DFKI-NLP / thermostat

Collection of NLP model explanations and accompanying analysis tools

Geek Repo:Geek Repo

Github PK Tool:Github PK Tool

MNLI and XNLI downstream model performance very low

nfelnlp opened this issue · comments

IMDb and AG News accuracies when comparing true labels to predicted labels are reasonably high.
However, almost all MNLI and XNLI models investigated so far have an extremely low accuracy.

Here are some random configs that I investigated:
multi_nli-albert-occ : 6.48%
multi_nli-roberta-occ : 28.72%
multi_nli-xlnet-occ : 5.53%
multi_nli-bert-lime : 6.46 %
xnli-bert-lig : 7.05%

Curiously, the ELECTRA model (submitted by a different person than all the other models) are not affected:
multi_nli-electra-lgxa : 88.7%
xnli-electra-lig : 88.3%

It's not clear to me yet if this is simply an issue stemming from an outdated label order as documented here:
huggingface/transformers#10203

However, the label orders that are mentioned there, both old and new, are also different from the label assignment given by datasets: https://huggingface.co/datasets/viewer/?dataset=xnli (multi_nli has the same labels)

Note that the datasets version we use in thermostat is 1.5.0, so this might be a problem with the downstream models predicting different labels.

Then I investigated in what way the predictions and labels of such a faulty model (xnli-bert-lgxa) align:

import thermostat
from collections import Counter

bert_lgxa = thermostat.load("xnli-bert-lgxa")
true_pred_comp_bert_lgxa = [(b_i.true_label['index'], b_i.predicted_label['index']) for b_i in bert_lgxa]
Counter(true_pred_comp_bert_lgxa)

>>> Counter({(2, 0): 1488,
         (0, 1): 1345,
         (1, 0): 153,
         (1, 2): 1411,
         (0, 2): 231,
         (0, 0): 93,
         (1, 1): 107,
         (2, 2): 153,
         (2, 1): 29})

This leads me to assume that (2, 0), (0, 1) and (1, 2) are actually the correct predictions and (0, 0), (1, 1) and (2, 2) are wrong ones. If we sum up (2, 0), (0, 1) and (1, 2) and divide it by the sum of all (or the length of the XNLI dataset), we end up at 84.71% which is a much more reasonable number in my opinion.

At the very least, this means that all thermostat subsets concerning MNLI and XNLI need to be redone (editing JSONL files and reuploading).
Hopefully, this only means going through each JSONL and changing the values either by:

  1. Changing the true labels to the old standard.

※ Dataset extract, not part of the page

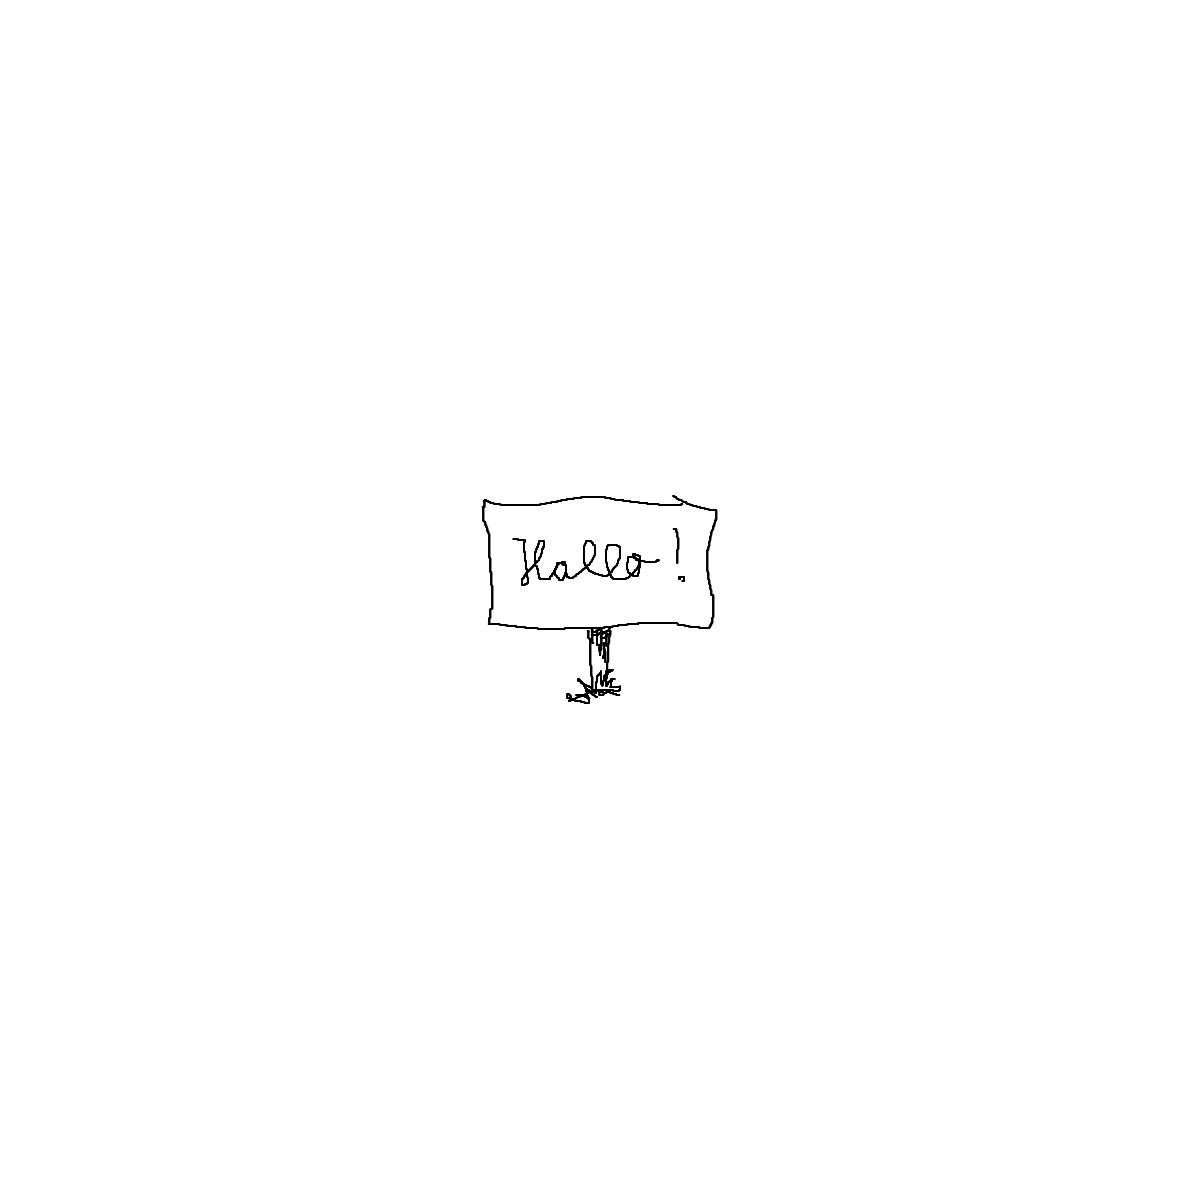 BAAAM drawing#8042 lat:47.4899597167968750lng: -52.7172889709472660

However, this means that we do not use the vanilla data from datasets anymore.
  2. Changing the predicted labels as well as the logits.

I'm pretty positive that we don't need to run the explanations again.


On a sidenote, I also considered the encode_pair function (which is only used by MNLI and XNLI in thermostat) not working correctly, but couldn't find any reference implementation stating that the way the two text fields are ingested might be wrong.

Hot fix has been implemented by adding distinct values for label_classes in the config:

https://github.com/nfelnlp/thermostat/blob/30dac0b5a2c9ad2931e34d14ffb7b58e9f5200b4/src/thermostat/data/thermostat_configs.py#L81-L84

vs

https://github.com/nfelnlp/thermostat/blob/30dac0b5a2c9ad2931e34d14ffb7b58e9f5200b4/src/thermostat/data/thermostat_configs.py#L86-L89

and then changing the dataset label column and label_names:

https://github.com/nfelnlp/thermostat/blob/30dac0b5a2c9ad2931e34d14ffb7b58e9f5200b4/src/thermostat/data/dataset_utils.py#L111-L116

I'll close this for now, but the right way to go would probably be fixing the label order when loading the dataset before running the explanation job.